I bought my dad a Toro Electric Snowthrower and he's having a heck of a time with it. In wet/packing snow the plastic tires are getting build-up and he's unable to push it. Does anyone have a recommendation on what to do? Something to put on the tires or possibly adjusting something? I've looked everywhere online for someone that has this same problem and can't find anything. I wondered if possibly the unit or auger could be adjusted lower so less snow follows behind to get caught up in the snow? I'd appreciate any suggestions, thanks!


----------



## Oneacer (Jan 3, 2011)

I never owned a single stage, but I thought they were intended to clear down to the pavement .... are you saying yours leaves snow that you have to traverse over?


----------



## robs9 (Sep 5, 2018)

Maybe he is pushing down too much to allow the augar to pull and throw the snow. I have a small Toro that I love. But you do have lift the handle a bit to keep the augar fully planted on the pavement. I think the wheels are only there to move it around when your not using it to throw snow. 

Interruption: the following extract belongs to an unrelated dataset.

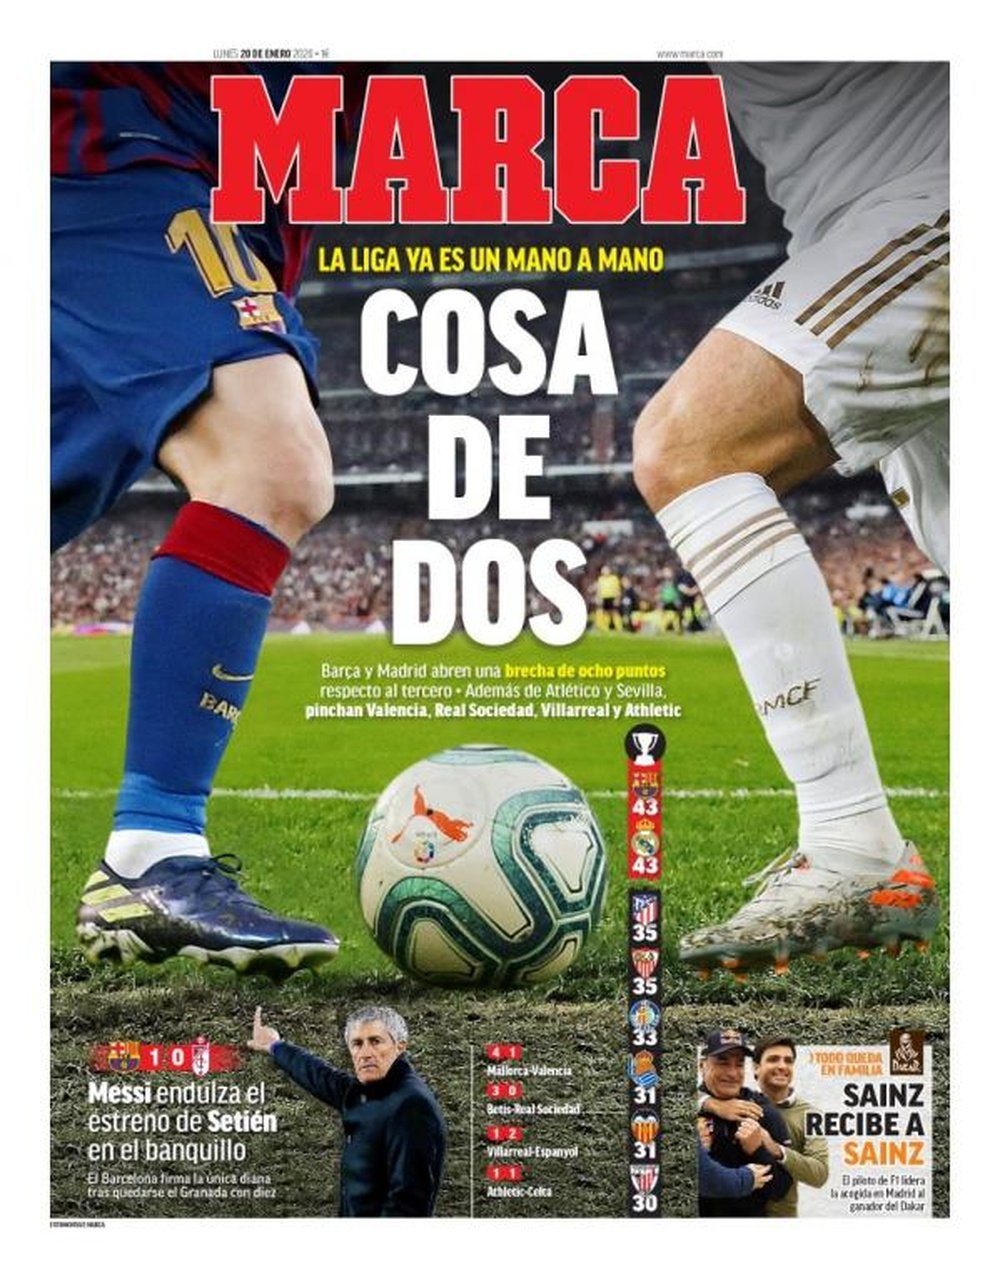 Les Unes des journaux sportifs en Espagne du 20 janvier 2020. Marca

Sent from my SM-N975U using Tapatalk


----------



## mancub (Jan 3, 2022)

Oneacer said:


> I never owned a single stage, but I thought they were intended to clear down to the pavement .... are you saying yours leaves snow that you have to traverse over?

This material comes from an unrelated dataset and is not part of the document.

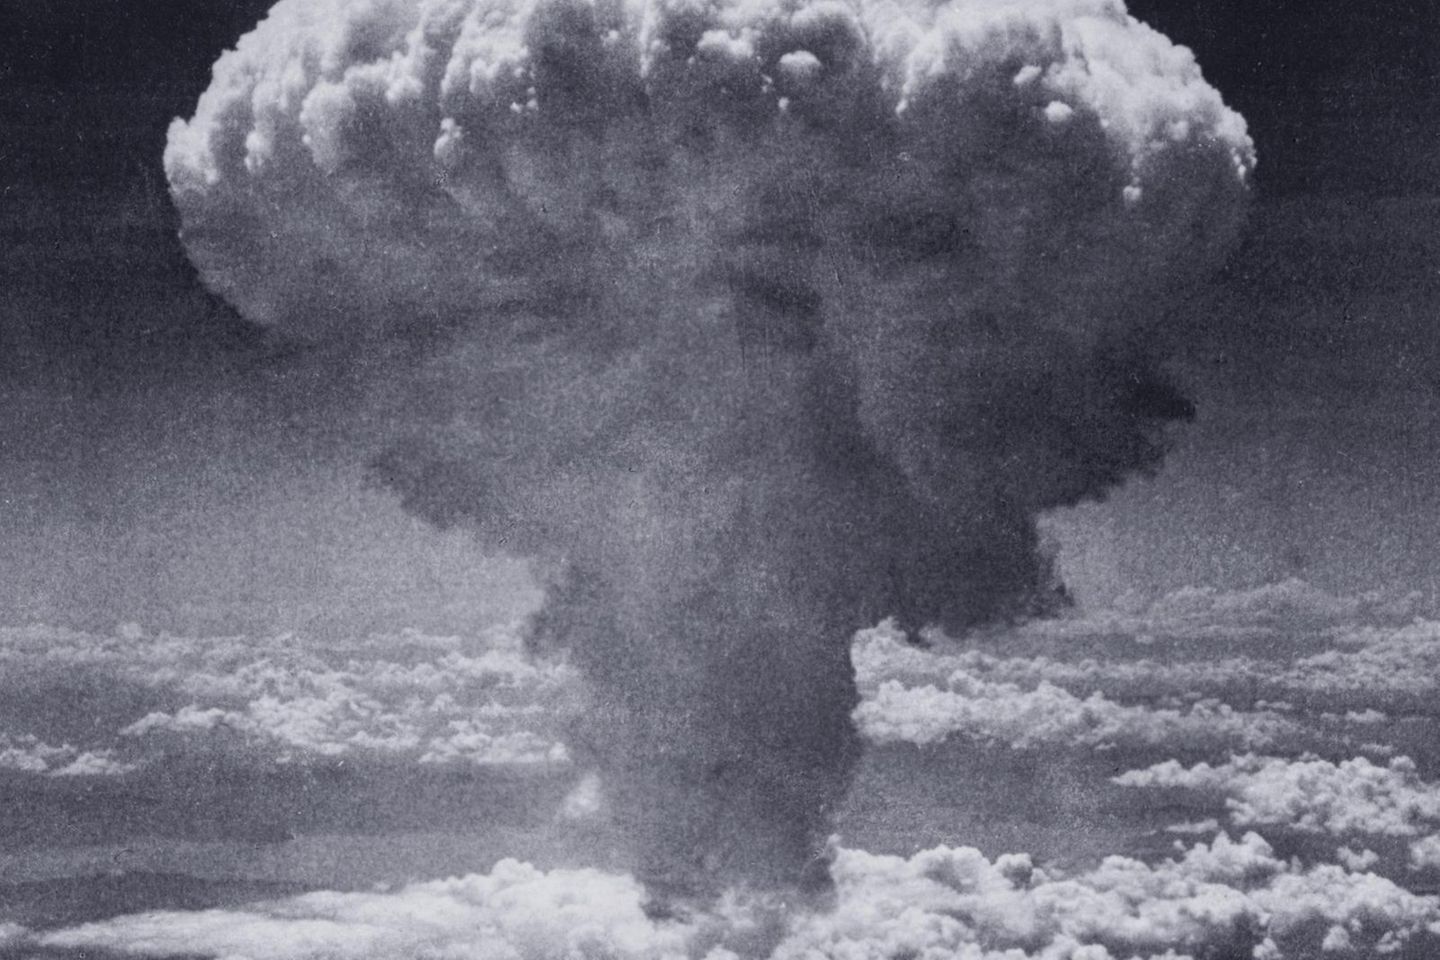 "Manhattan-Projekt": Der Beginn eines neuen Zeitalters: Warum Enrico Fermi an der Atombombe baute

Yes. My dad's driveway is a number of concrete slabs, but some of them have shifted, so there are little ledges where the snowblower needs to be lifted in order to get over. He says that it worked good in dry snow, but in 2-3 inches of wet snow it slowly builds up on the tires and they just slide, not spin. He has to "kick" off the snow every 5 or 6 feet to get it to roll again. I'm wondering if the machine is just not good to use in wet snow. When the snow builds on the tires it lifts the front so it's not scraping flat either.


----------



## mancub (Jan 3, 2022)

robs9 said:


> Maybe he is pushing down too much to allow the augar to pull and throw the snow. I have a small Toro that I love. But you do have lift the handle a bit to keep the augar fully planted on the pavement. I think the wheels are only there to move it around when your not using it to throw snow.
> 
> Sent from my SM-N975U using Tapatalk


Hmm, this could be possible, my dad is not very gentle with things, he's more of a push harder to make it work, kind of guy. I'm new to snowblowers, is the augar when engaged with snow supposed to propel it forward? He is pushing it as if the wheels are to propel it forward, I think. He's also only used it in a couple of inches of snow, never more.


----------



## Oneacer (Jan 3, 2011)

Just take those wheels off in wet snow, problem solved. ...


----------



## mancub (Jan 3, 2022)

Oneacer said:


> Just take those wheels off in wet snow, problem solved. ...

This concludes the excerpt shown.